İş bunu fark etmenize kalıyor!
Market zincirinin kadim sloganı gibi, bunu bilmek “Size iyi gelecek!”
Kadim mesele de bu zaten:
Fark etmeyesiniz diye, renkten renge giriyor devlet, iktidarlar ve sermaye!

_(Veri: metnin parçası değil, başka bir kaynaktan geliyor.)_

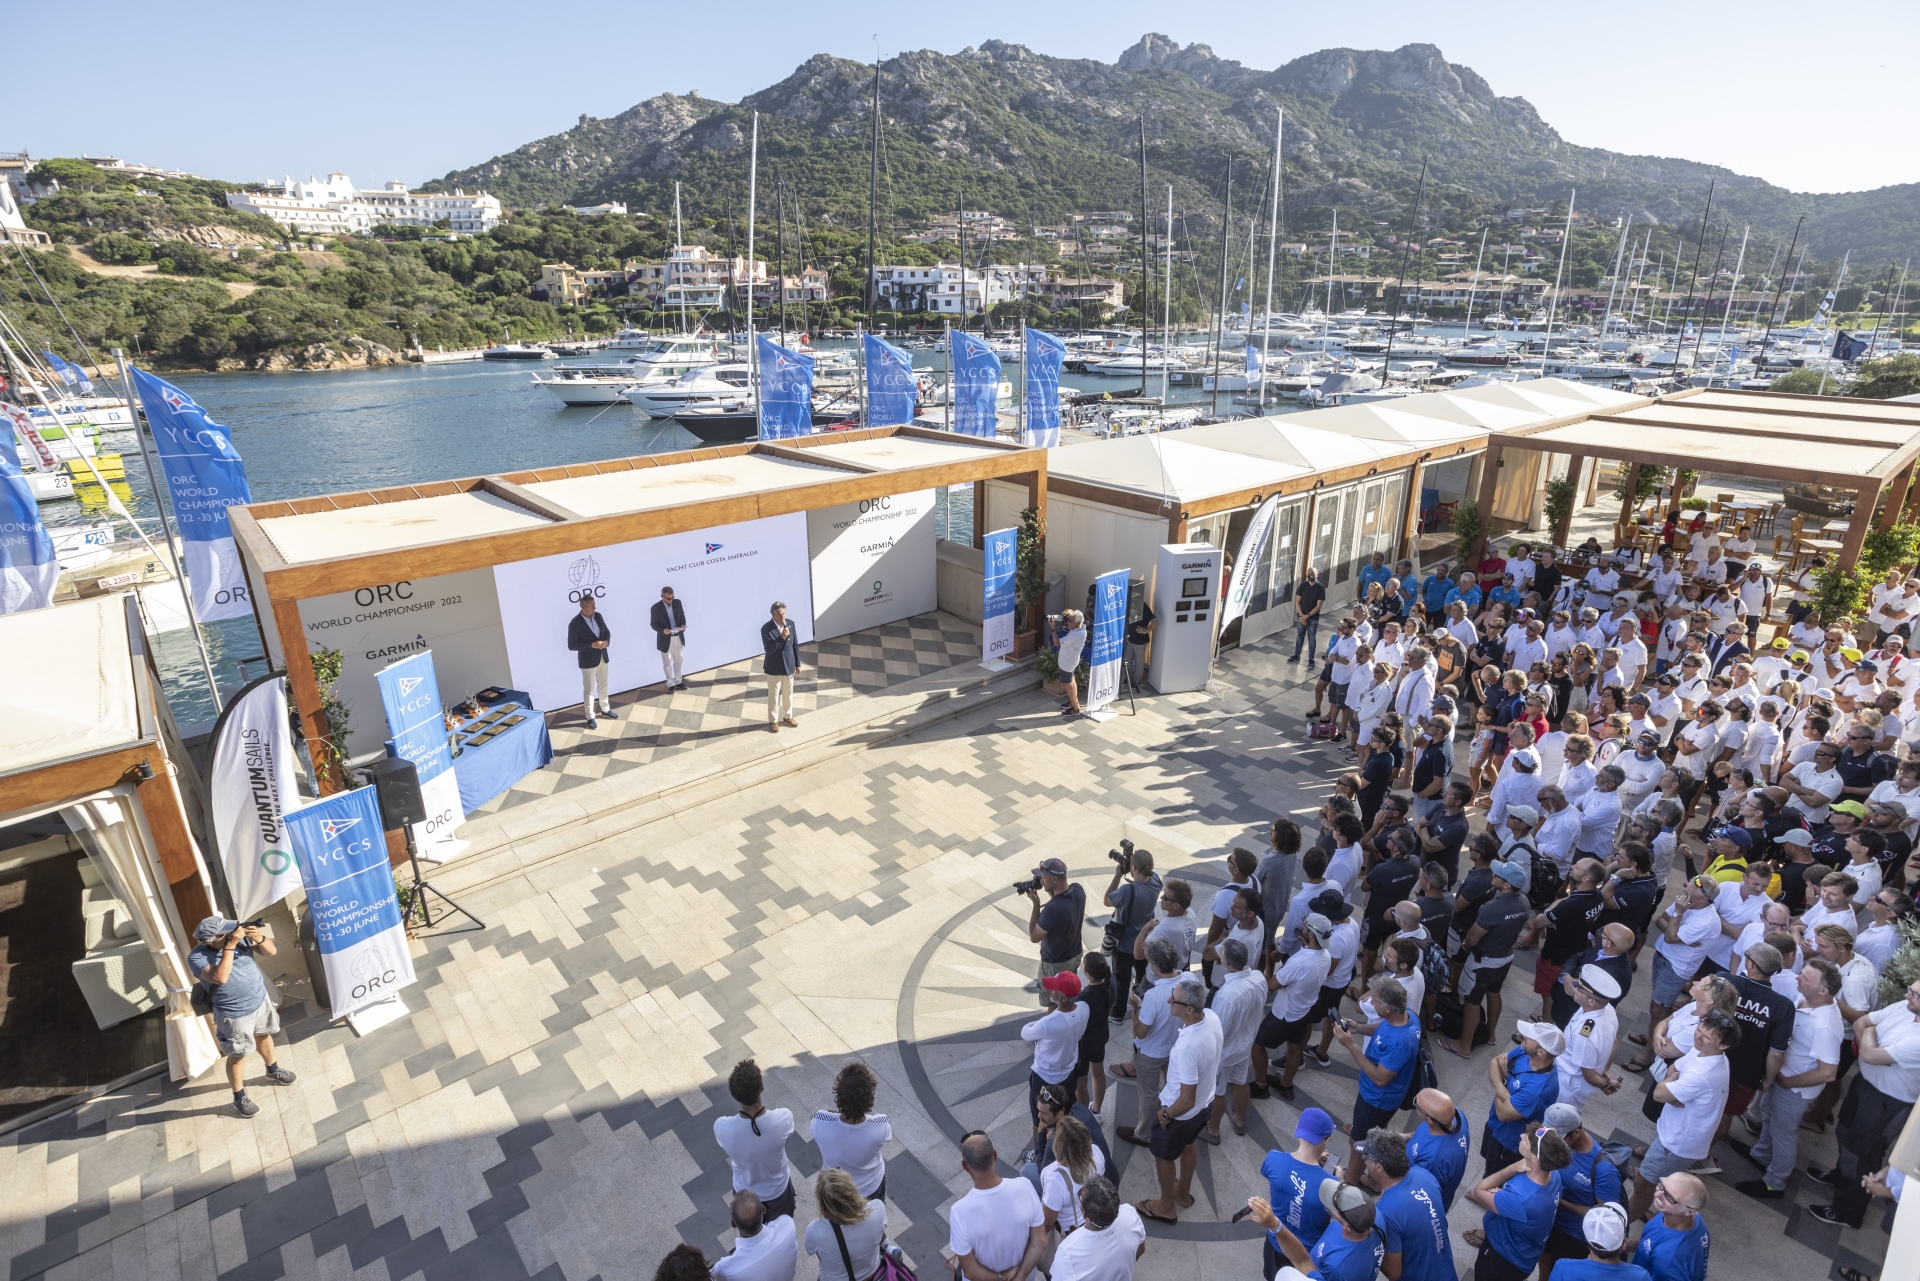 Concluso con successo a Porto Cervo il Mondiale ORC di vela d’altura - News - Yacht Club Costa Smeralda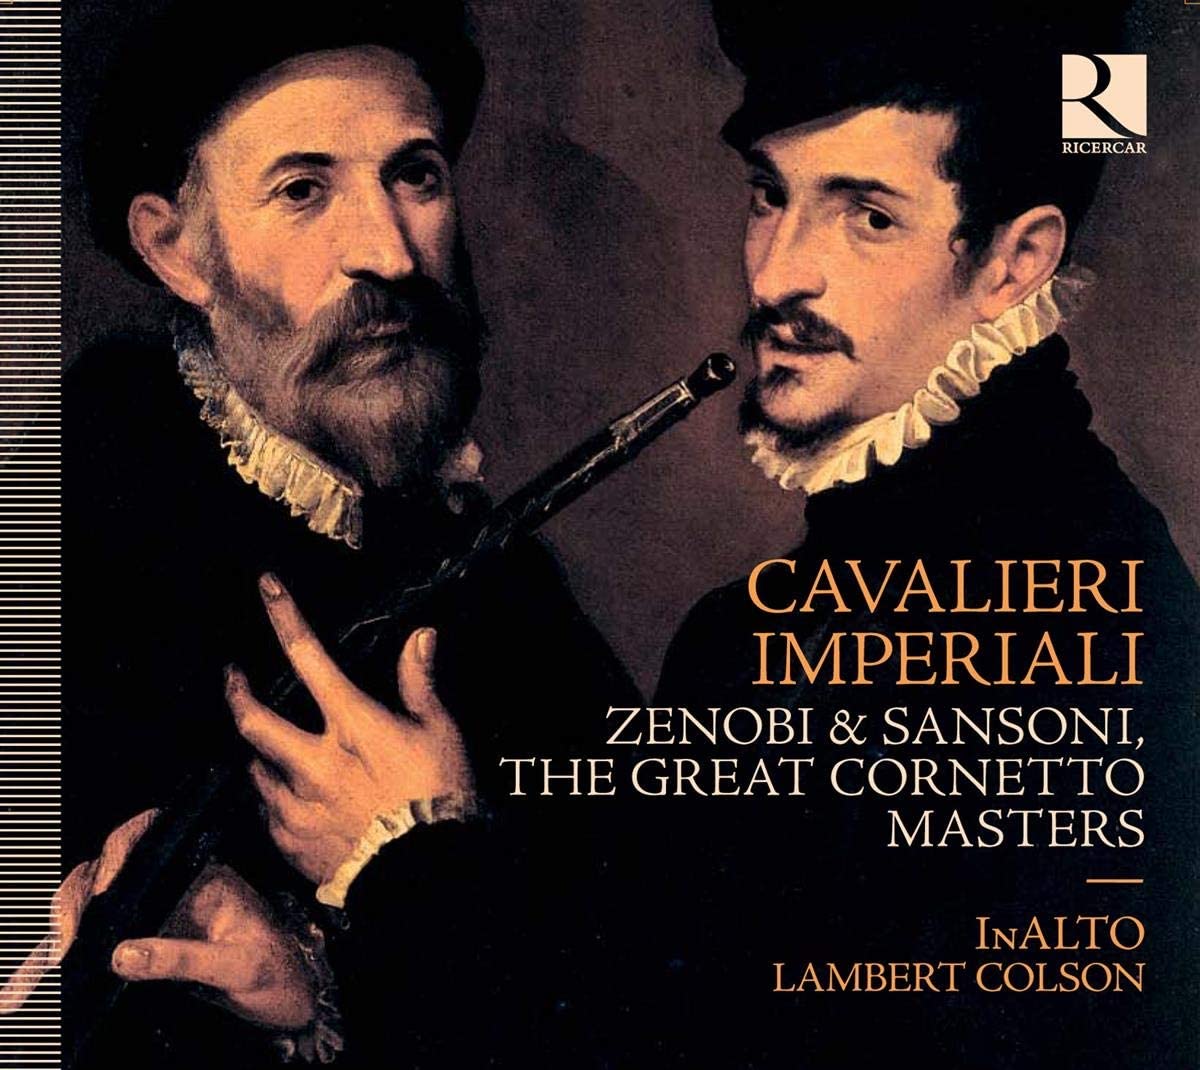 Lambert Colson CD cover of Cavalieri imperiali Cornetto virtuosi in Vienna

Not: Söylemeden geçemeyeceğim: Bulunduğum şehirde, yaşadığım ilçede, bu markette 28,85 TL olan 10’lu organik yumurtanın, aynı sokaktaki eski mandırada 22 TL’ye satıldığını eklemek de isterim! Sadece çalışan ve tüketici değil, üretici ve tavuk da ikisiyle müttefik aslında!


Umur Talu Kimdir?

Galatasaray Lisesi ve Boğaziçi Üniversitesi Ekonomi Bölümü mezunu olan Talu, genç yaşında Günaydın, Güneş, Cumhuriyet, Milliyet ve Hürriyet gazetelerinde önemli görevlerde bulundu. Milliyet Gazetesi’nde Genel Yayın Yönetmenliği yaptı. Milliyet, Star, Sabah ve Habertürk gazetelerinde yıllarca köşe yazıları yazdı. 1996’da Türkiye Gazeteciler Cemiyeti’nin (TGC) Türkiye Basın Özgürlüğü ödülünü aldı. 1998 ve 2000 yıllarında TGC Yönetim Kurulu’na seçildi, 2001 yılında TGC Başkan Yardımcısı oldu. 2004 ve 2005 yıllarında yılın köşe yazarı seçildi.